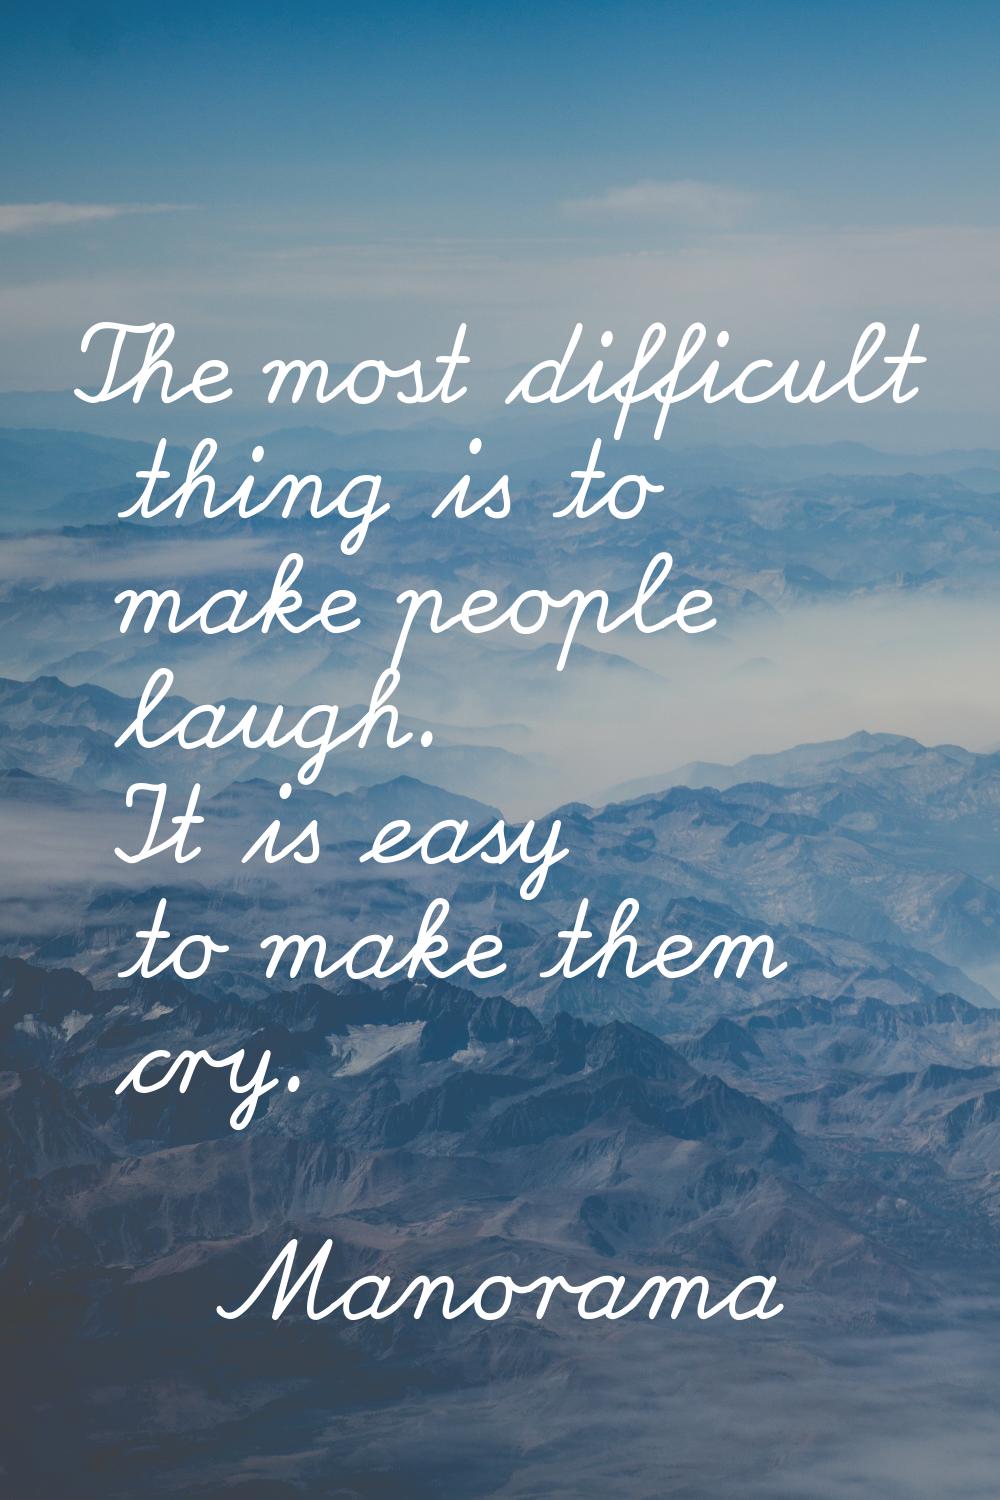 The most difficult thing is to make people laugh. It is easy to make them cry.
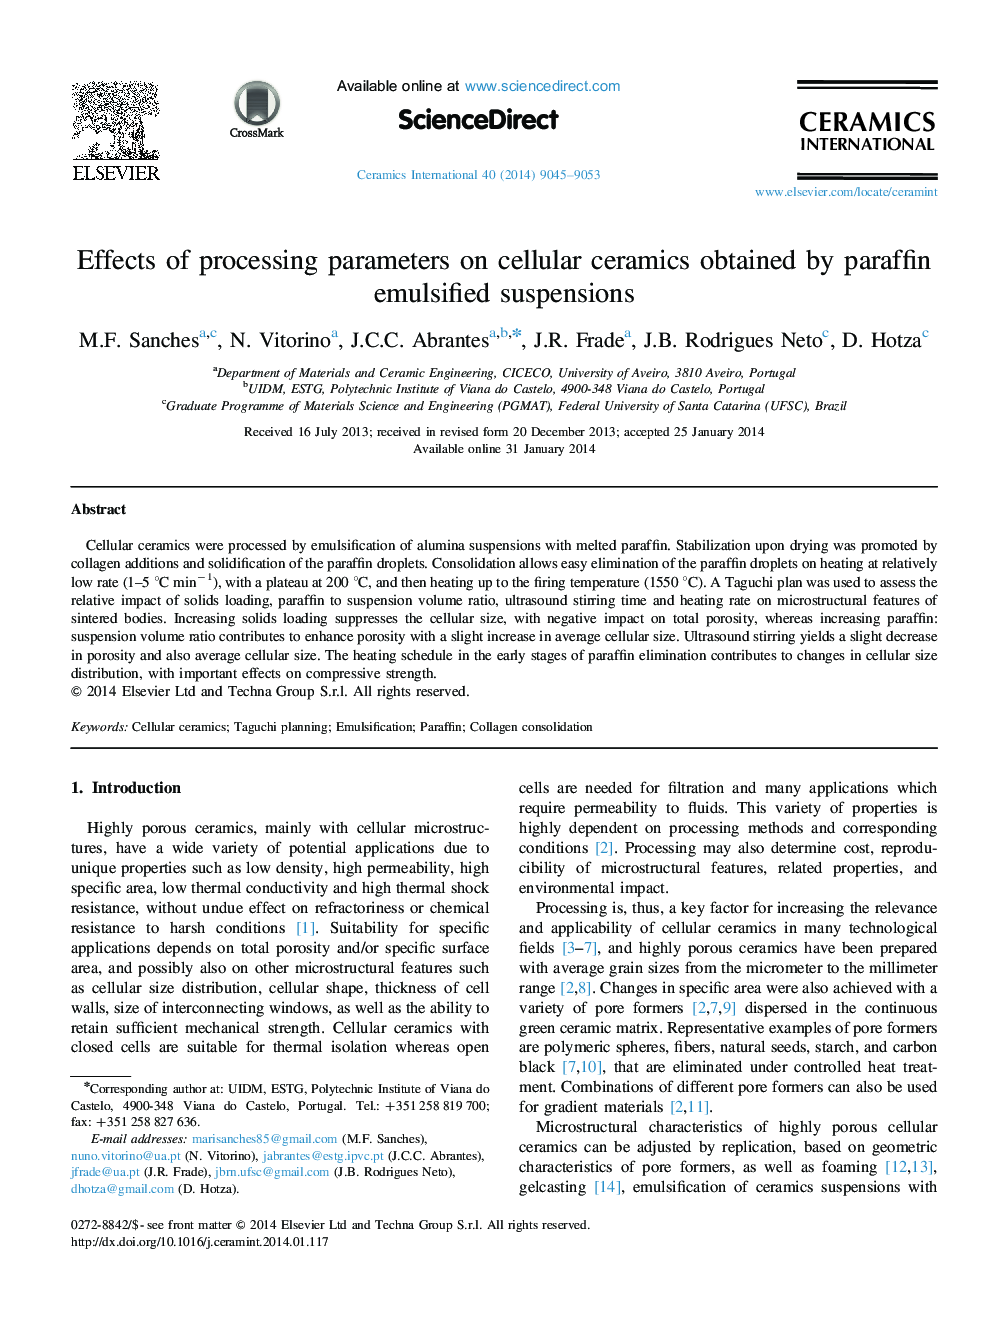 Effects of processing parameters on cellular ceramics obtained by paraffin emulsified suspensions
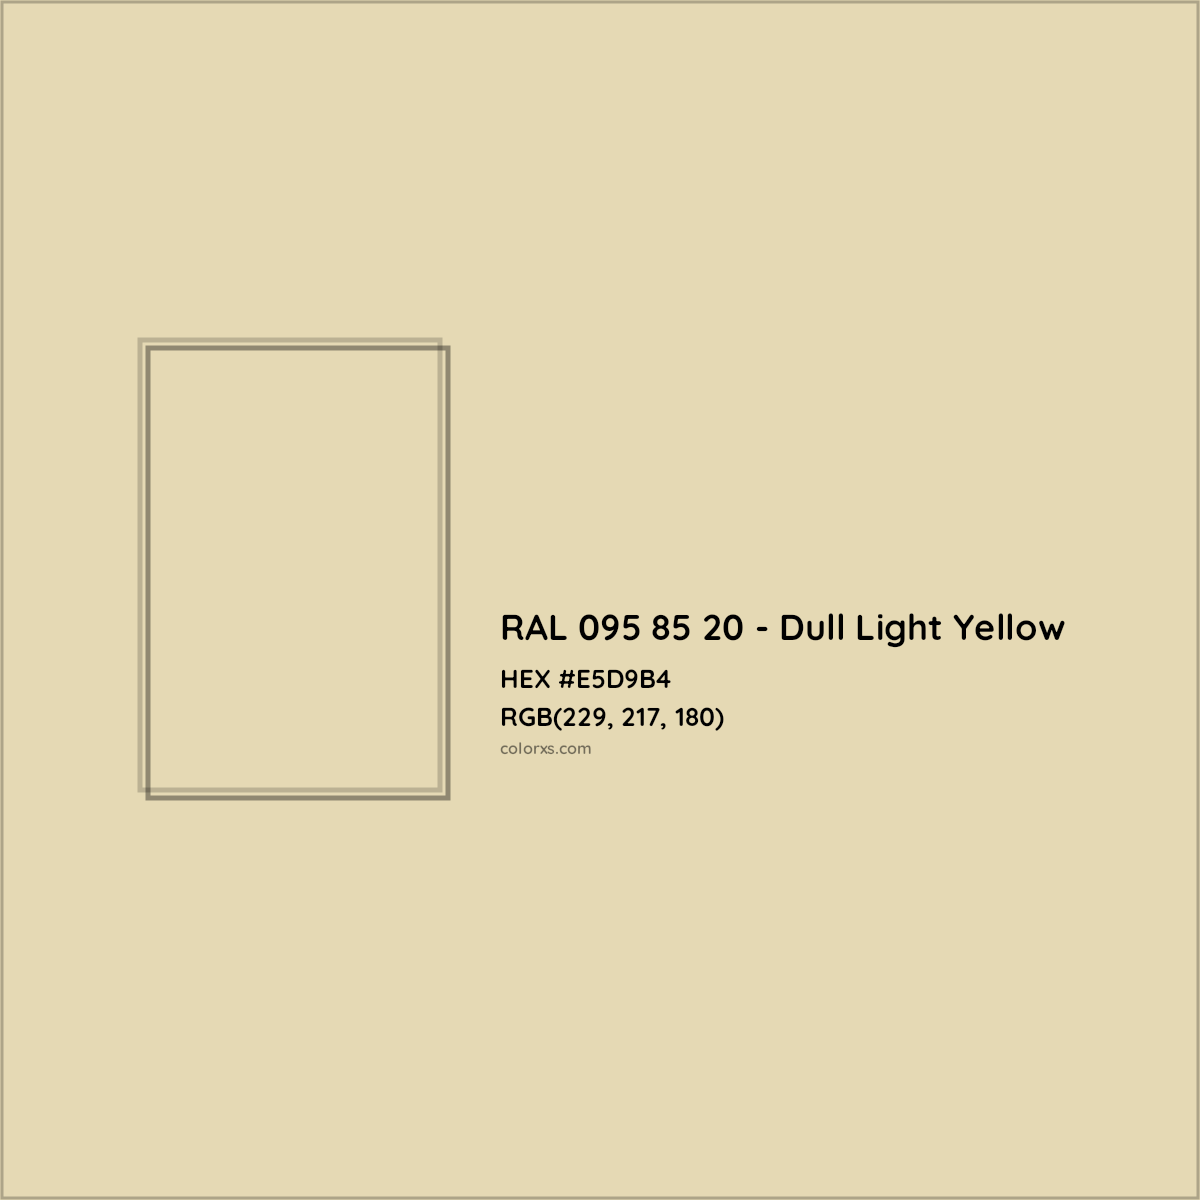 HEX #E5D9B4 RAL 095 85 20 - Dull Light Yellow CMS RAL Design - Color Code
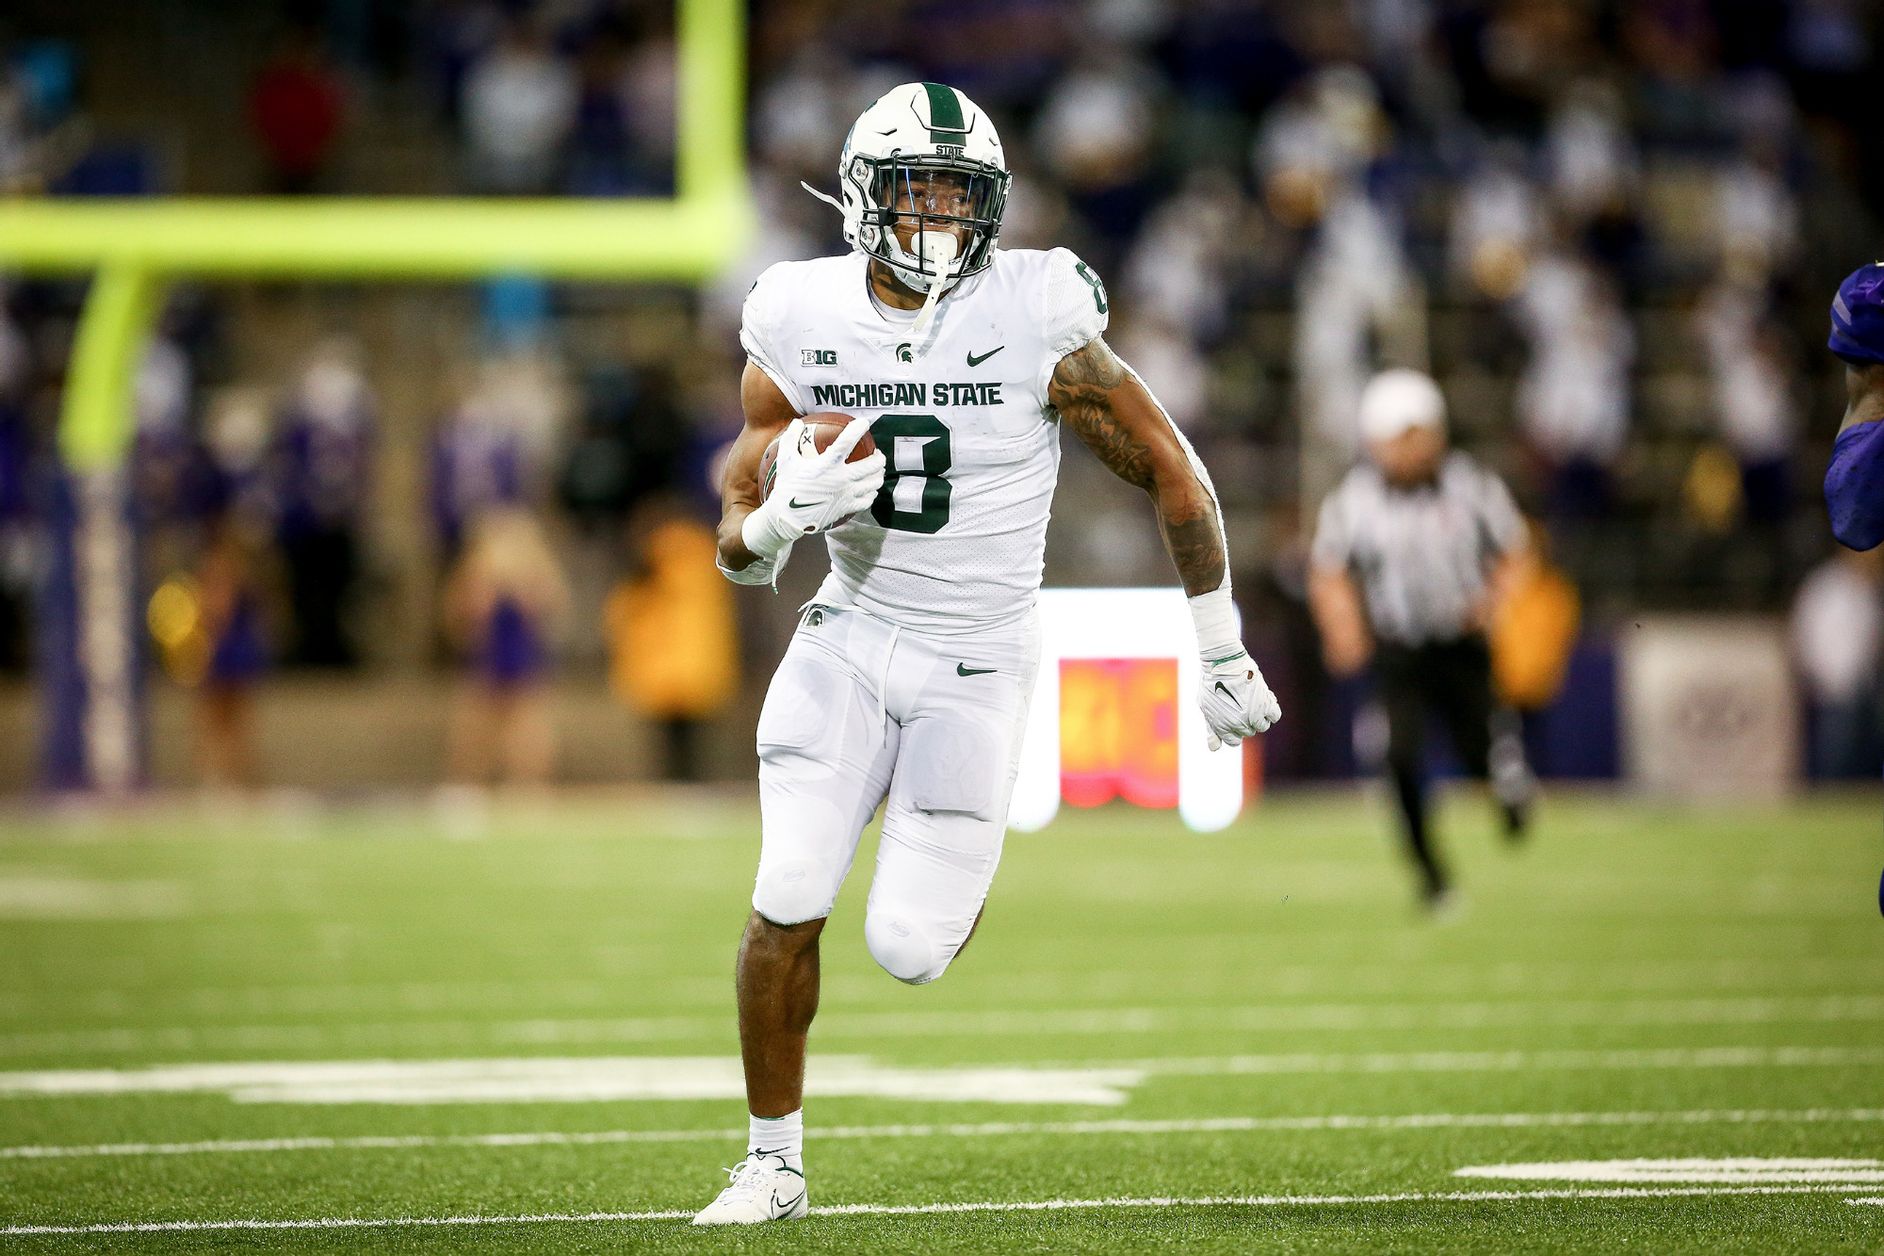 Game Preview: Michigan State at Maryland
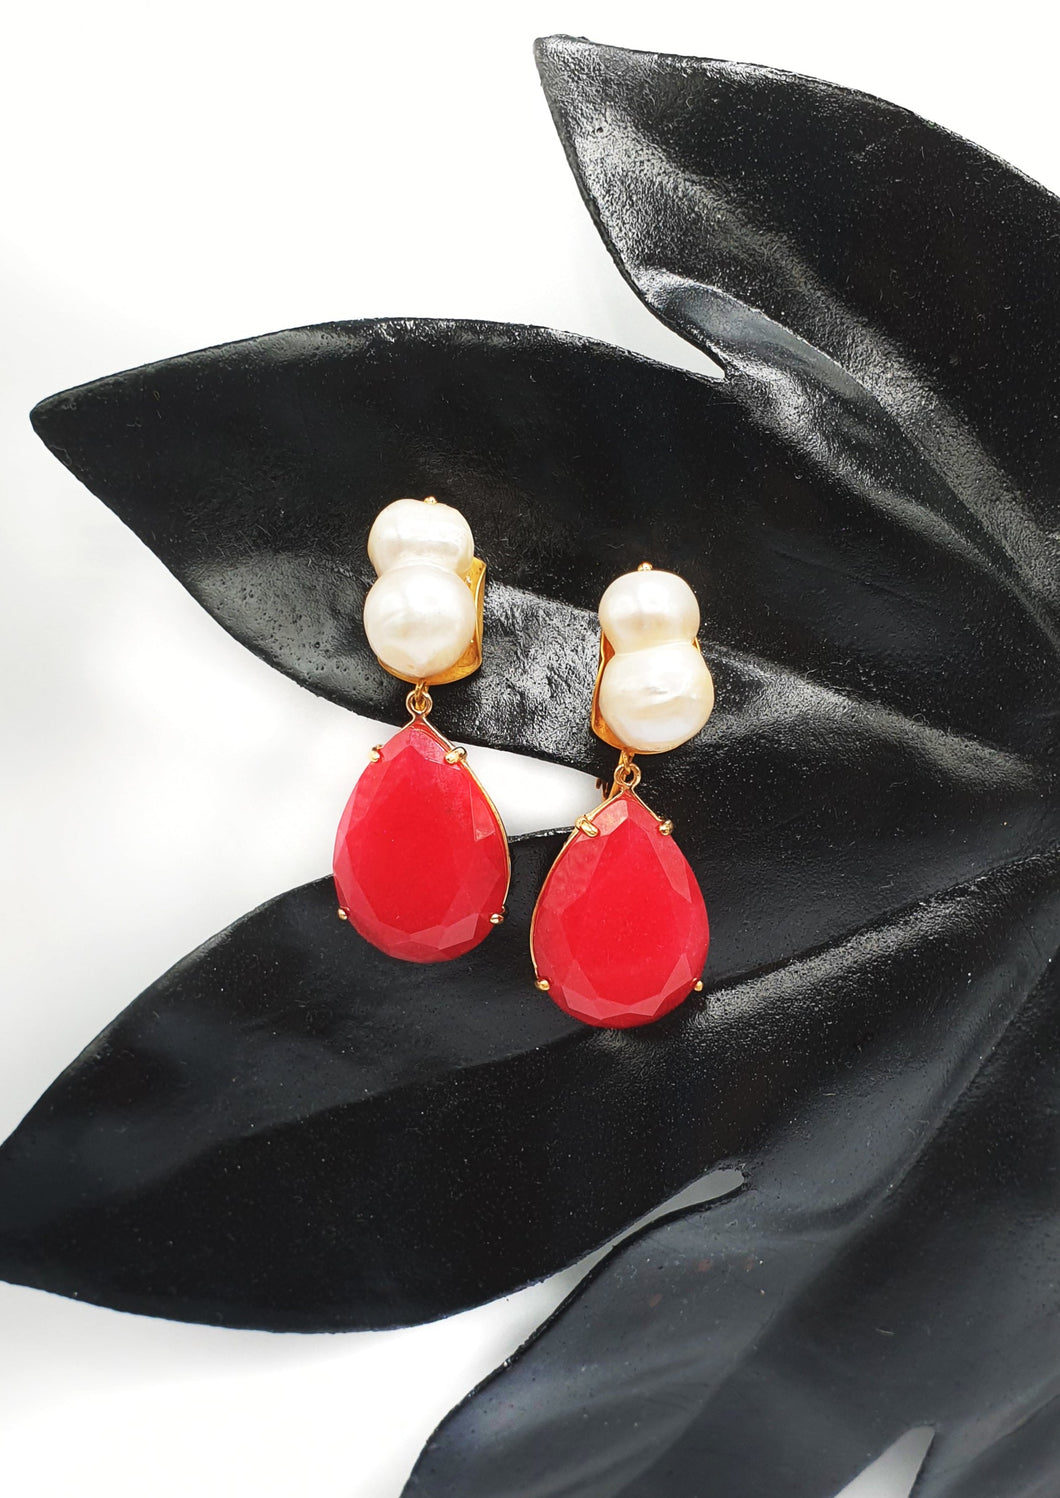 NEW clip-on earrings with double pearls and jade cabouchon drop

== WORK REQUIRED ==
Quote exactly, and only, the lines from the one containing "Effects of processing" through the last line of the records above, both included; leave out any pictures.

== SOLUTION BELOW ==
 Effects of processing parameters on cellular ceramics obtained by paraffin emulsified suspensions
 HEX #E5D9B4 RAL 095 85 20 - Dull Light Yellow CMS RAL Design - Color Code
 Game Preview: Michigan State at Maryland
 NEW clip-on earrings with double pearls and jade cabouchon drop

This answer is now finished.